CDC DELETES controversial guidelines for hospital hazmat suits to battle Ebola

This suit was state-of-the art in 2002, but now the CDC isn't sure what to recommend for doctors and nurses who treat Ebola patientsDaily Mail – by David Martosko

The Centers for Disease Control and Prevention quietly deleted its advice to hospitals on Sunday covering what kind of ‘personal protective equipment’ – the hazmat suits known as PPE – health care workers should wear around possible or confirmed Ebola patients.

The changes to the CDC’s website were made Saturday, the same day the embattled agency issued new overall guidelines about what kind of care Ebola sufferers should receive in hospitals.  

‘Don’t have any physical contact with the patient (e.g., perform examination, collect clinical samples, position for x-rays) without first putting on appropriate PPE,’ the new advice reads.’

‘Don’t allow family members to visit without putting on appropriate PPE,’ the CDC adds

As a result of the changes the CDC is now telling hospitals to make sure hazmat suits are used, but leaving them without information about what kinds of equipment provides the best protection.

Dr. Anthony Fauci, the director of the National Institute of Allergy and Infectious Diseases, said Sunday that new guidelines would include a requirement that Ebola hazmat suits must be worn ‘with no skin showing.’

The previous CDC advice included a note about ‘re-useable’ hazmat suits, which the CDC said must be ‘cleaned and disinfected according to the manufacturer’s reprocessing instructions and hospital policies.’

Concerns about the reuse of supplies during disease outbreaks were common 10 to 15 years ago when fear of mad cow disease gripped the United States and Great Britain.

In that case, doctors feared that surgical instruments could transmit the brain-wasting ailment from one patient to another if they weren’t put in an autoclave – a sterilization pressure chamber – at the highest possible temperatures.

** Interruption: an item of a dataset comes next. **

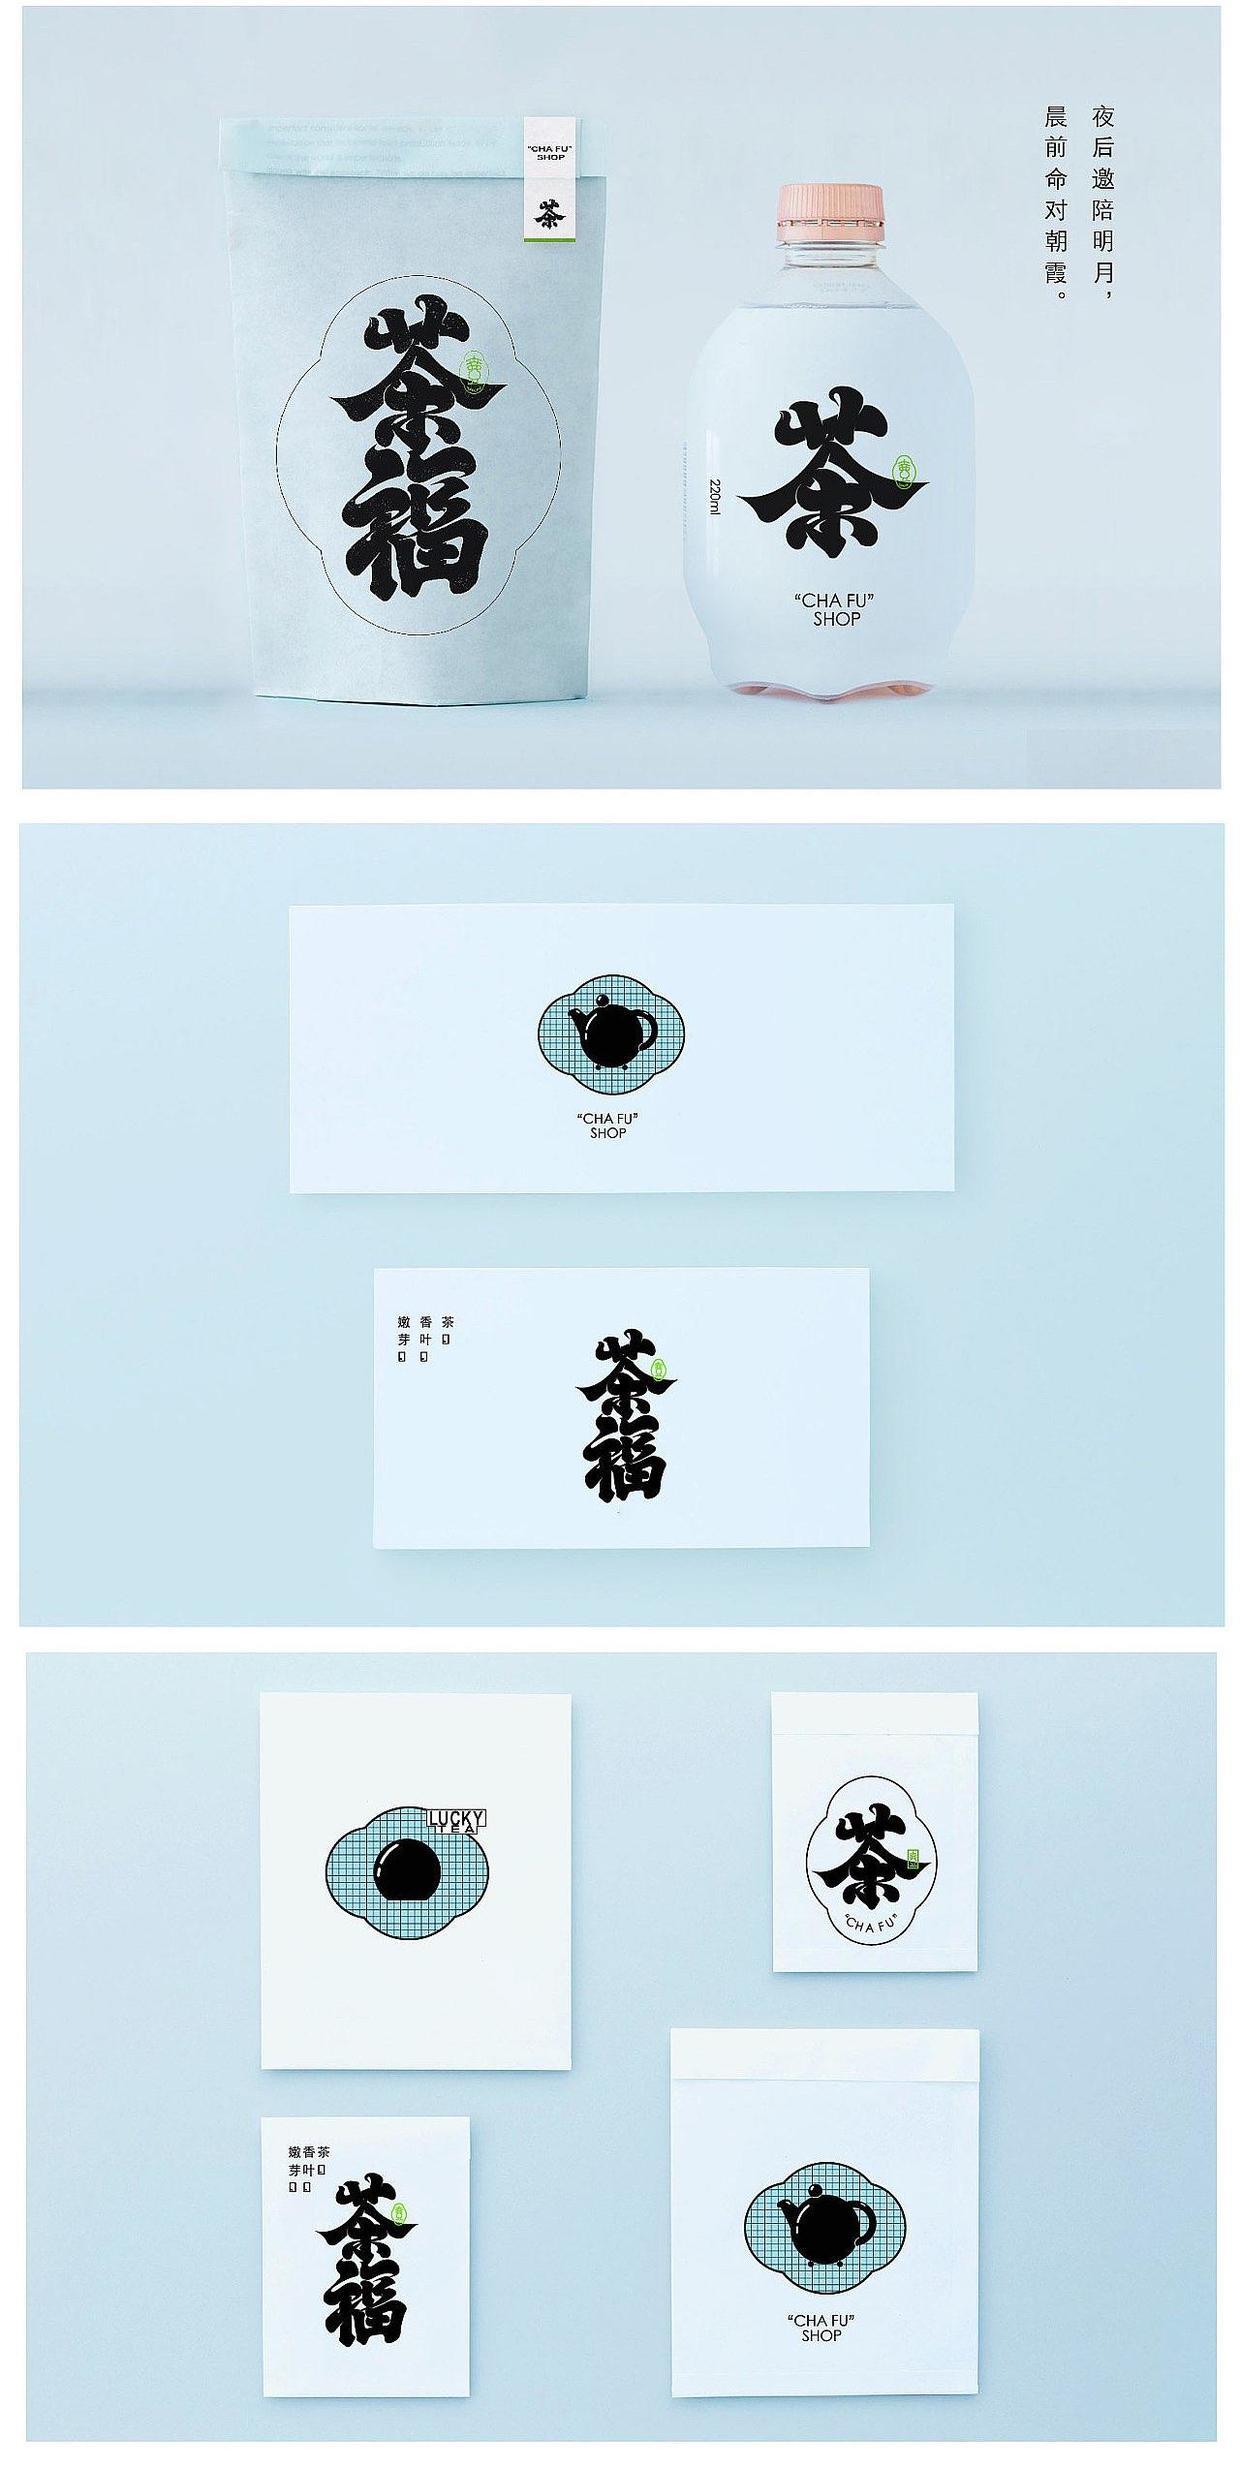 新型茶饮品「茶福」LOGO设计

Ebola, a virus first documented in Africa in 1976, has killed thousands in three western African nations this year.

Three confirmed cases have been diagnosed in the United States – enough to cause public panics and force hospitals to rethink their approach to treating the illness.

Two of those diagnosed patients, nurses Amber Vinson and Nina Pham, cared for Ebola patient Thomas Duncan. They wore face shields, protective footwear and full hazmat suits, but contracted the disease anyway.

A third nurse, Briana Aguirre, told am NBC interviewer that she worked at the same hospital as Pham and Vinson, and cared for them when they fell ill.

Health care workers, she said, were not told what kind of hazmat suits to wear.

Aguirre was outraged when her own suit didn’t cover her neck, and a supervisor told her to seal the gap with strips of ordinary tape.

Ebola is spread through contact with bodily fluids like blood, sweat and saliva, making health care facilities an ideal place for transmission to occur.

Changes to the CDC’s website were first spotted by The Weekly Standard. The agency told that publication that new guidance would be issued ‘today or possibly tomorrow.’